## TASK TO CARRY OUT
For the entries below, copy exactly the line that contains "Palm Consult" through the line that contains "Continental control unit", both ends included, and exclude all pictures.

## EXERCISE MATERIALS
※ ※ ※

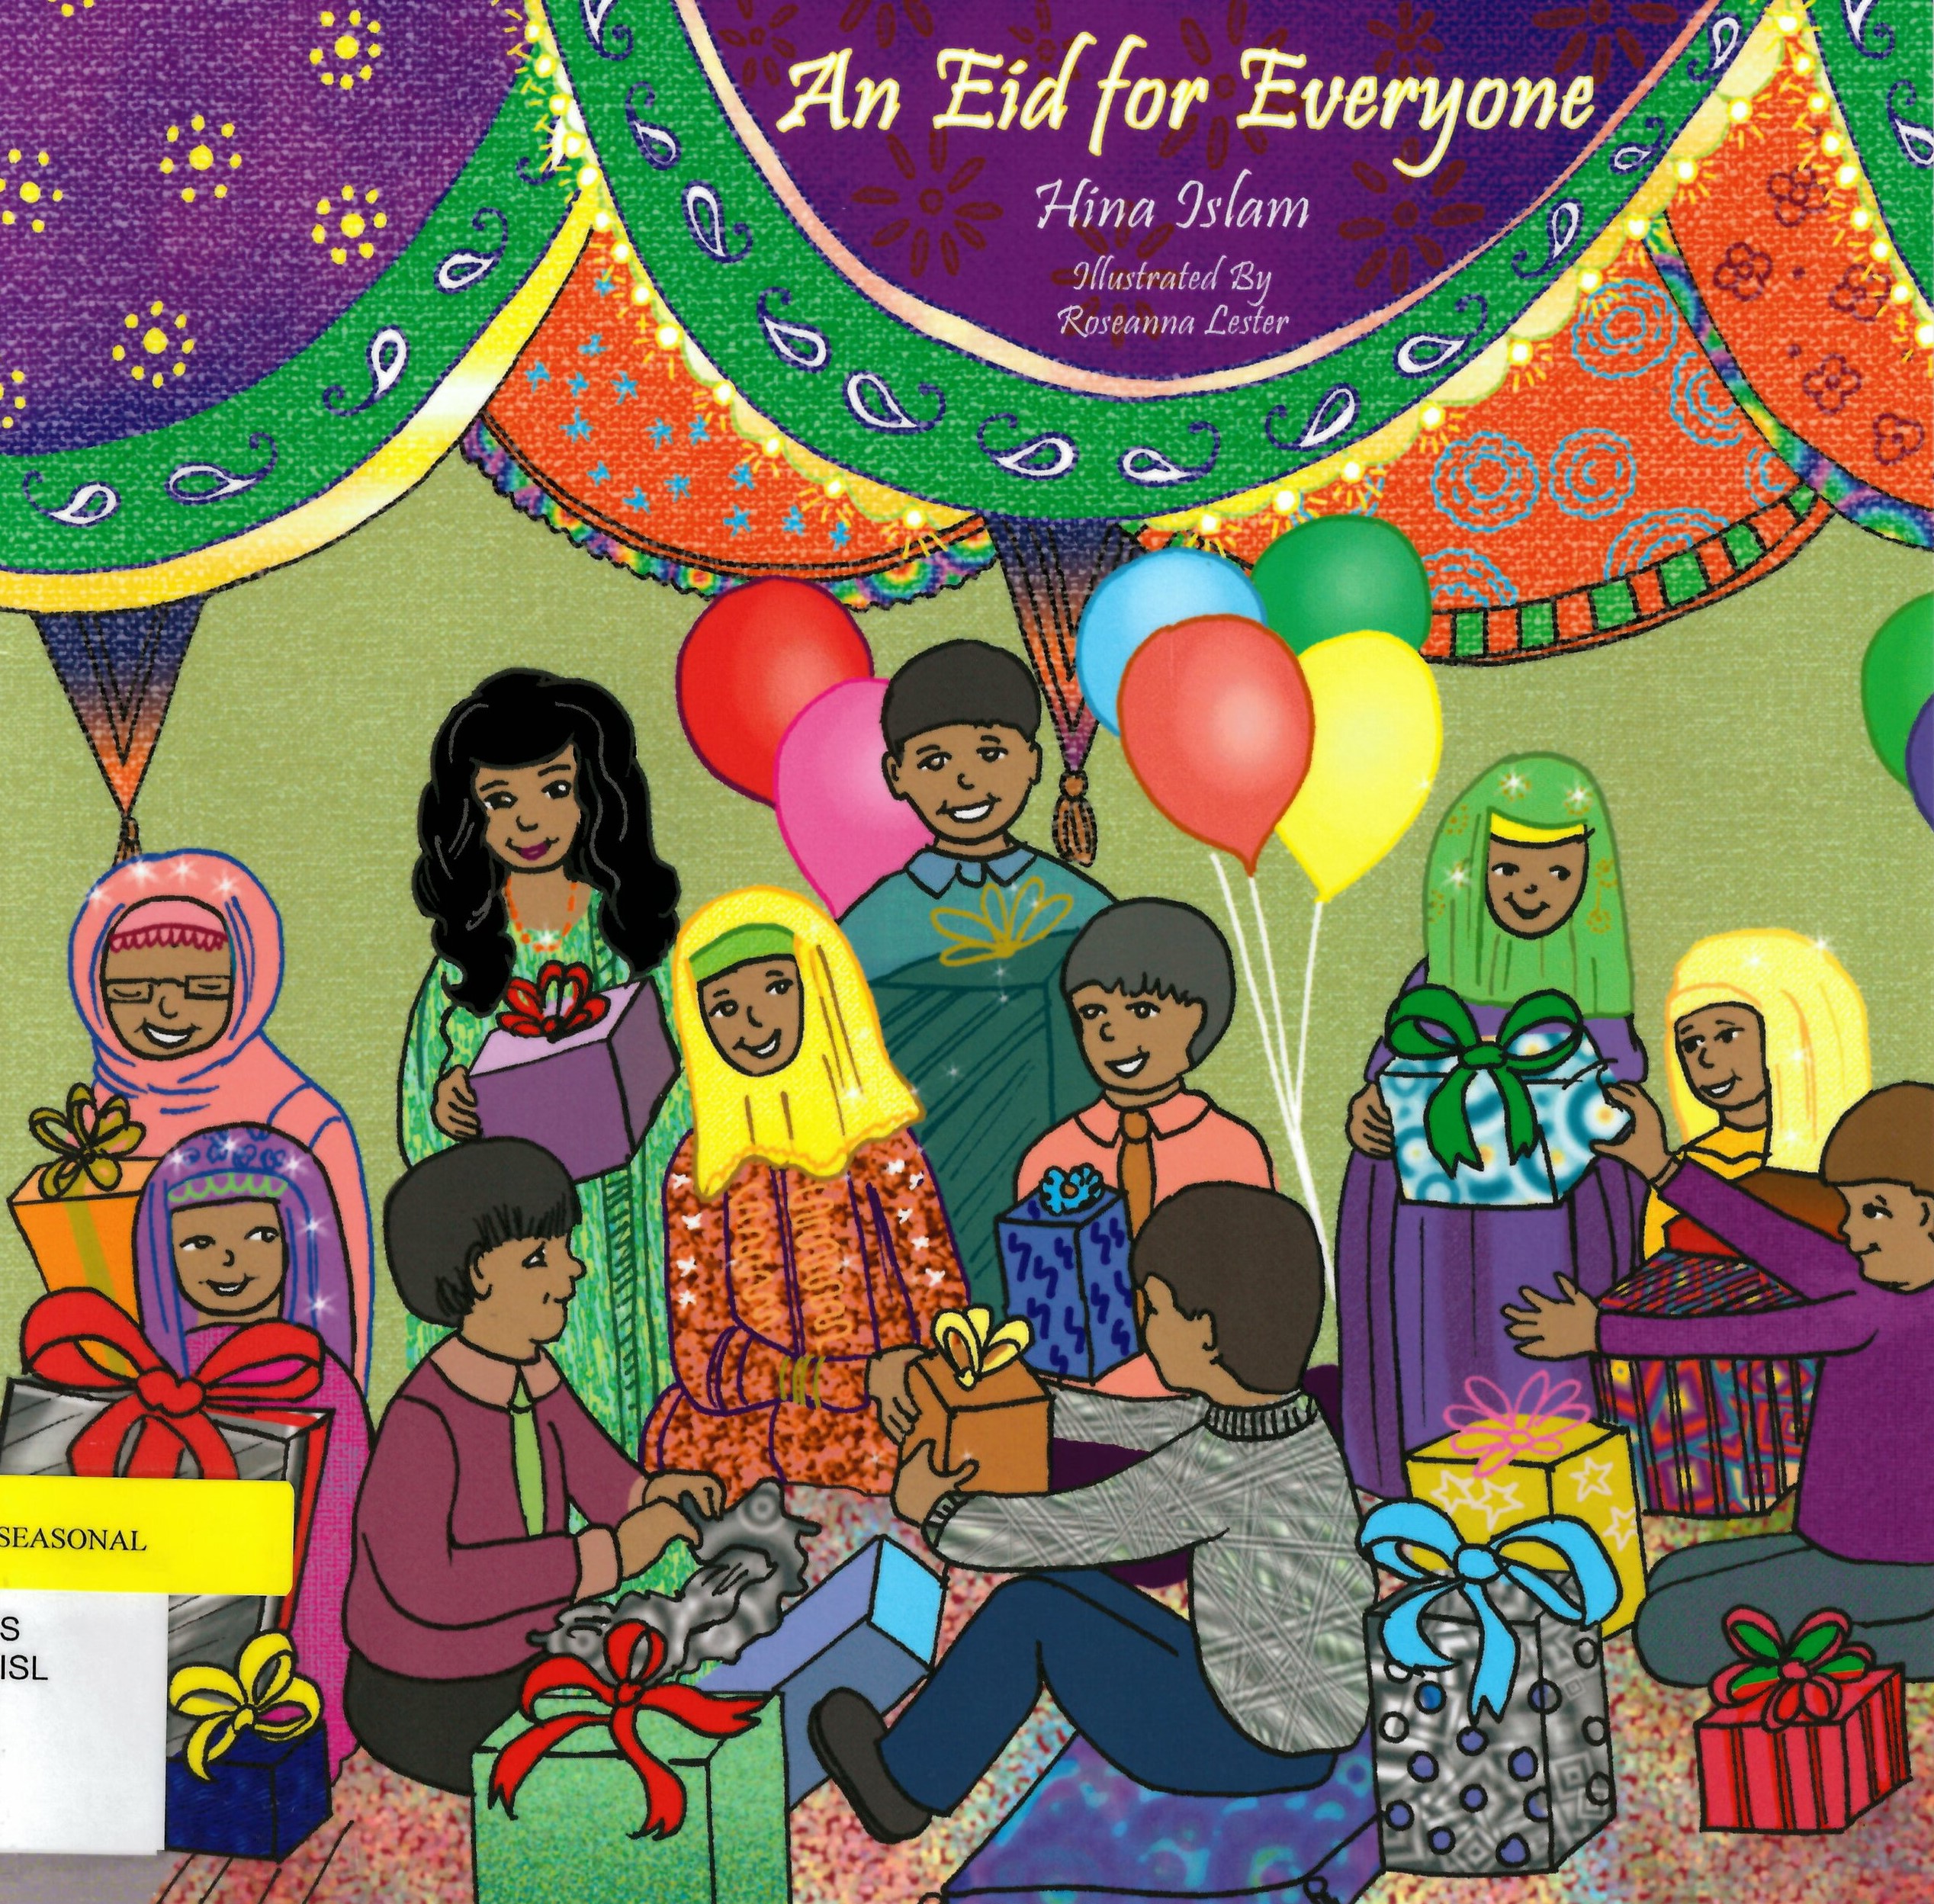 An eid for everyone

※ ※ ※

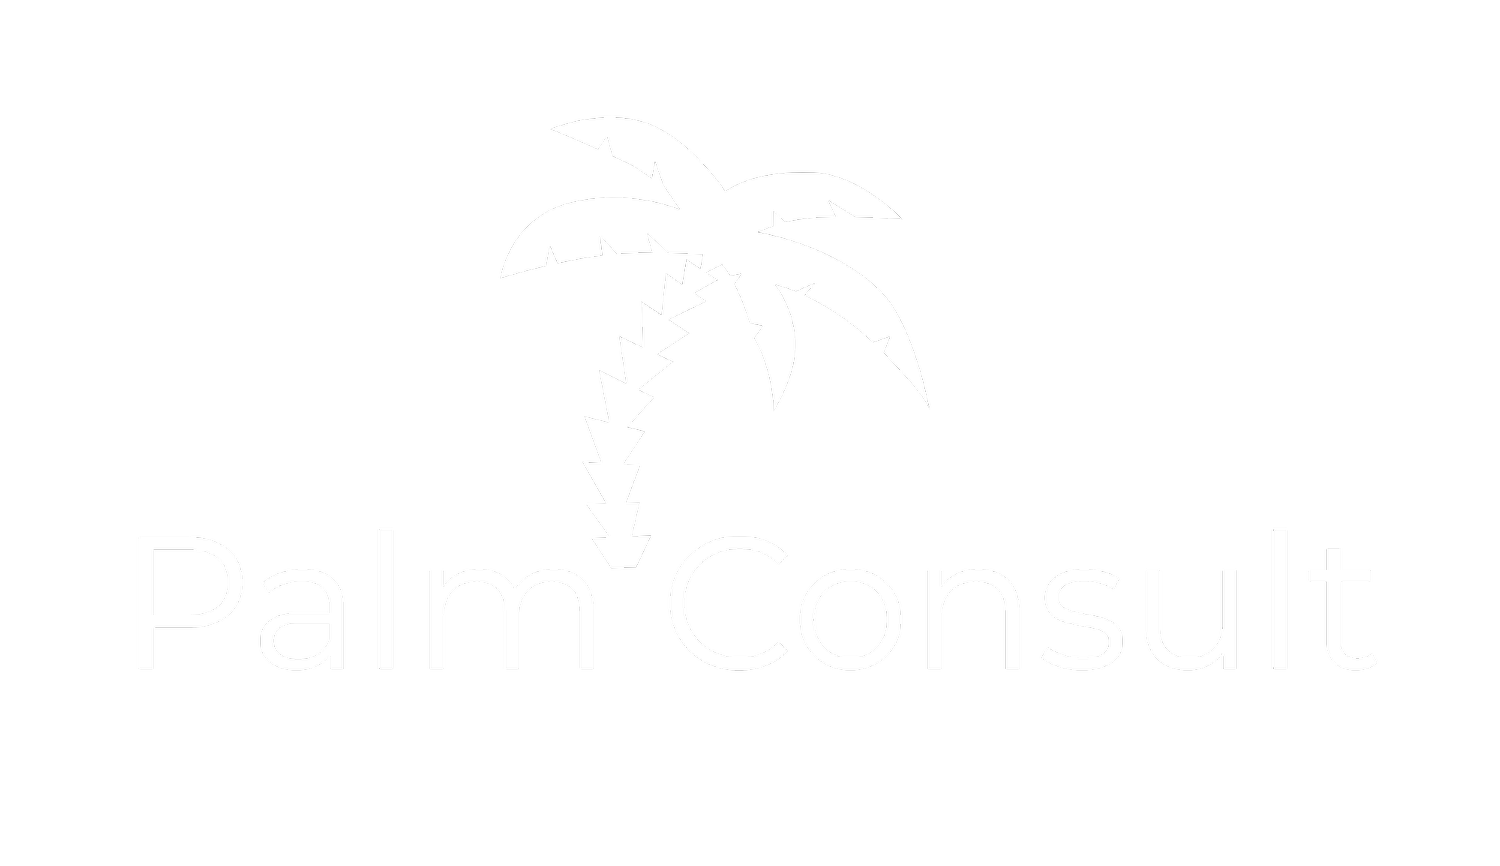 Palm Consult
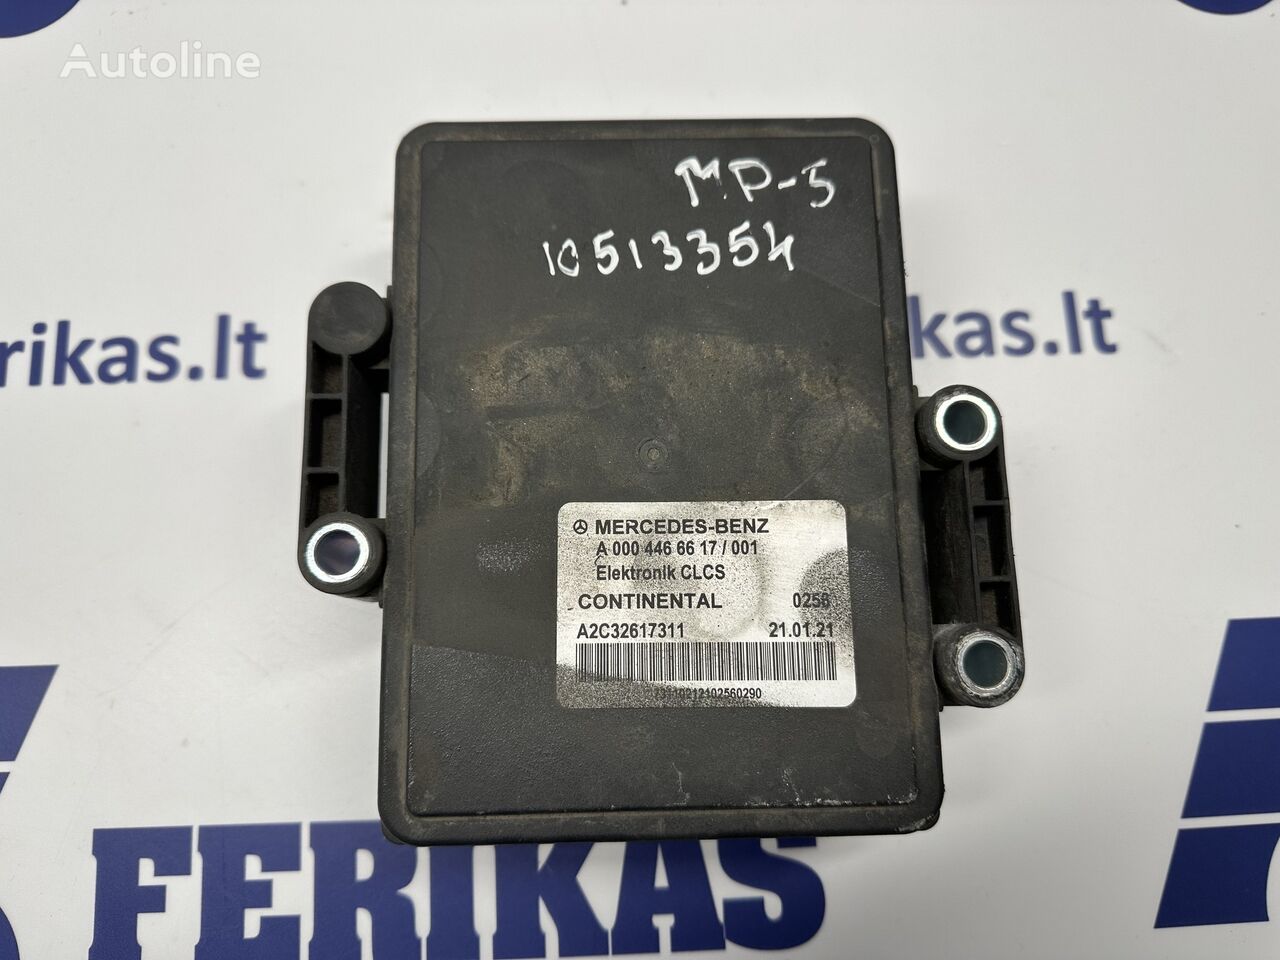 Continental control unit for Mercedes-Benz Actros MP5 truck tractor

※ ※ ※

## EXERCISE SOLUTION
 Palm Consult
 Continental control unit for Mercedes-Benz Actros MP5 truck tractor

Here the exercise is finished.